For years Kral delighted, annoyed and damned Winonans. She rode on an old-fashioned bicycle more suited for children, with many of her belongings lashed to the sides. Fastened to the bike was a constantly changing placard of injustices she’d recently discovered or those she felt she had suffered.
Every day seemed to be a new struggle for vindication.
She wore a ratty straw hat with a green sun visor and 1950s-vintage sunglasses. Small in stature and in voice, she was ferocious in her beliefs.
She was, by most accounts, an odd mix of charm and blasphemy.
And Kral was by all accounts a colorful Winona character.
For decades now, Winona has cleverly proclaimed it was the home of the boat that don’t float, the plane that doesn’t fly and the nun who is out of order. But the Wilkie, the jet owned by the U.S. Navy and now Kral have disappeared or are about to vanish from the Island City’s landscape.

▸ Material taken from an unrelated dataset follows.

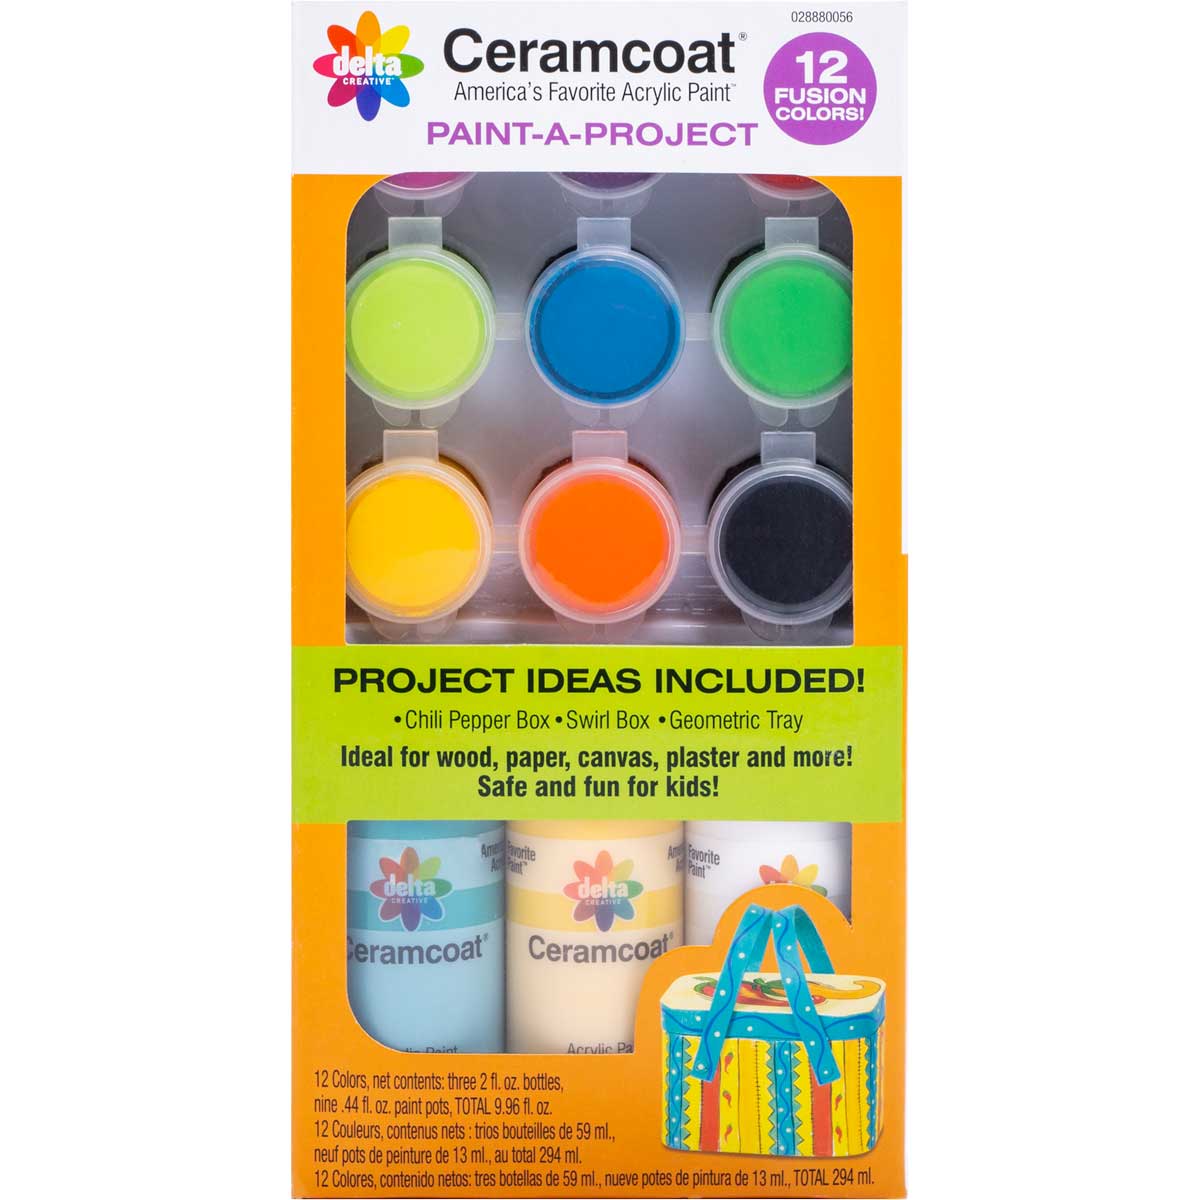 Delta Ceramcoat ® Paint-A-Project - Fusion, 12 Colors - 028880056

Kral could lay claim to two feats that no one has achieved and maybe no one would want to. And it was Winona Bishop Loras Watters who banned Kral from the Cathedral of the Sacred Heart because she had become such a nuisance.
Out of order
Steve Schild, now an associate professor at Saint Mary’s University, remembers sitting in the Daily News newsroom as a reporter one day during lunch. The rest of the news staff had left — he’d packed a lunch. Kral came charging in, obviously excited. She dragged him along to the Tau Center of what was then the College of St. Teresa. There on the loading dock sat Kral’s possessions.
Schild stood speechless.
“It looked pathetic,” Schild said. “Here was this little woman with all of her earthly belongings, just sitting there.”

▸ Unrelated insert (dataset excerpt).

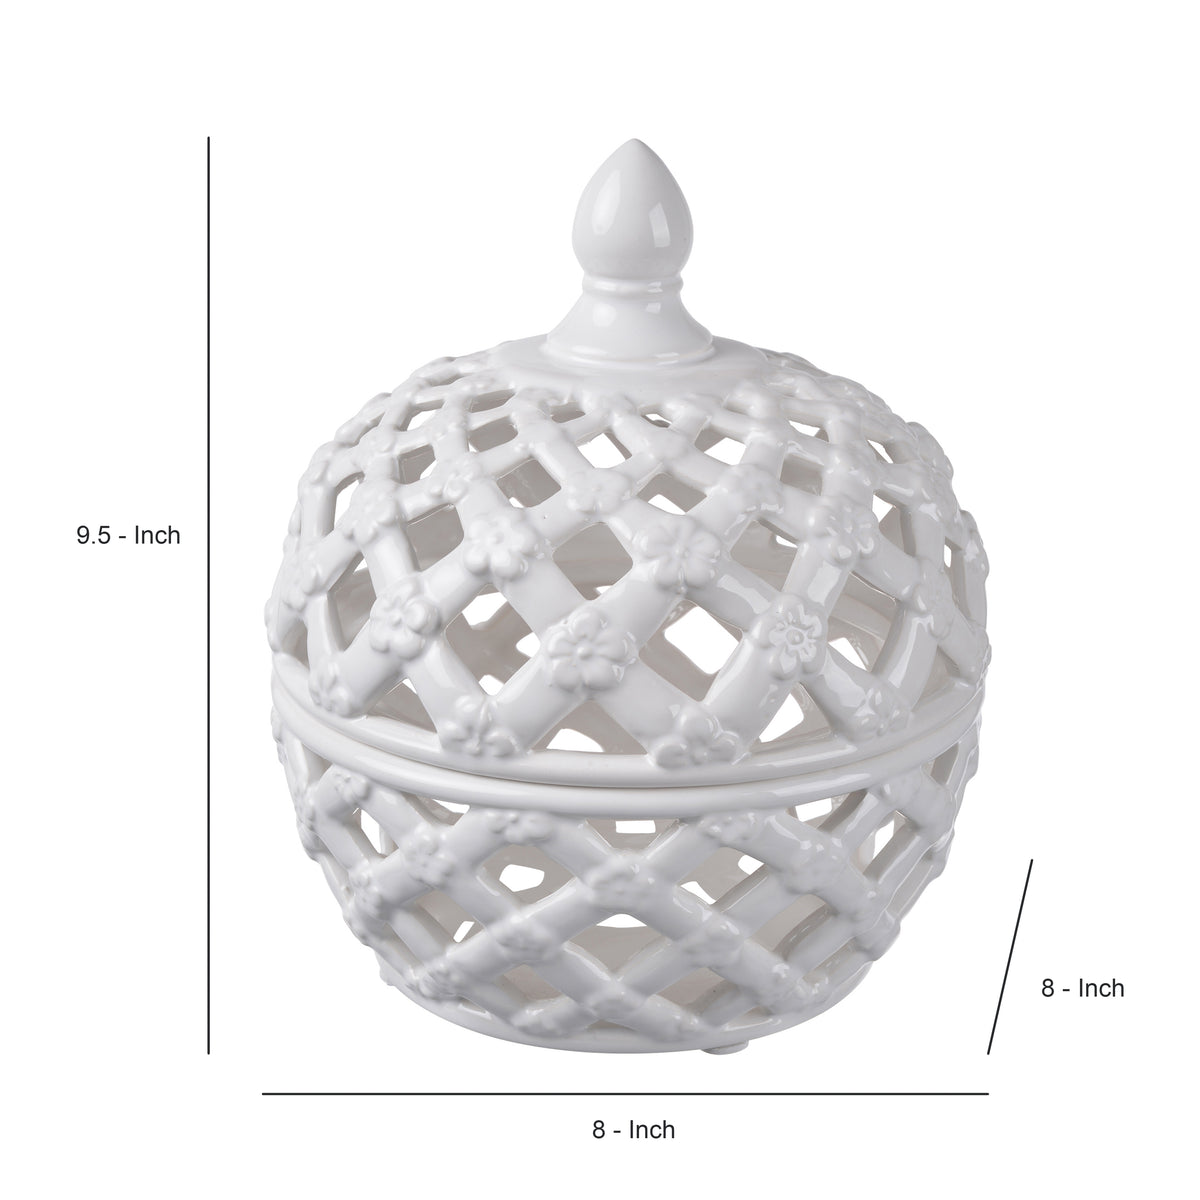 Decorative Ceramic Lidded Jar with Flower Motif Exterior, Small, White - BM202236

Kral had been dismissed against her will.
Her only refuge was a green Plymouth Duster, where she lived for a time after she was dismissed. The car became a makeshift bedroom and a legal library, with part of the auto filled with notes about church canon law and other cases.
Almost as soon as she was dismissed, she started filing lawsuits, mostly against her former order and the diocese. Every suit met with the same result — a dismissal.
As one person quipped, “you’re nobody until Sister sues you.”
“She could launch into an assault of names and facts of events and wrongdoings,” Schild said, “real or imagined.”
The heart of the matter
Krall was driven — possessed — by the idea that she had been kicked out of the order unnecessarily. The order confirms only that she was dismissed because of insubordination — nothing further.
“Boy do I have a story for you,” one sister told the Daily News on Wednesday. “But you can’t have it. The documentation and the reasons are locked in a file somewhere.”
Kral frequently wrote letters to the editor but only occasionally got them printed. She had a long, seemingly endless list of injustices, and she scoured newspapers daily, making notes, memorizing facts and most of all, crusading.
Hand-written notes were pasted to her car when the Duster still ran. Later they were affixed to a board on the back of her bike.
“Much of what she said and did people felt was hurtful,” Schild said.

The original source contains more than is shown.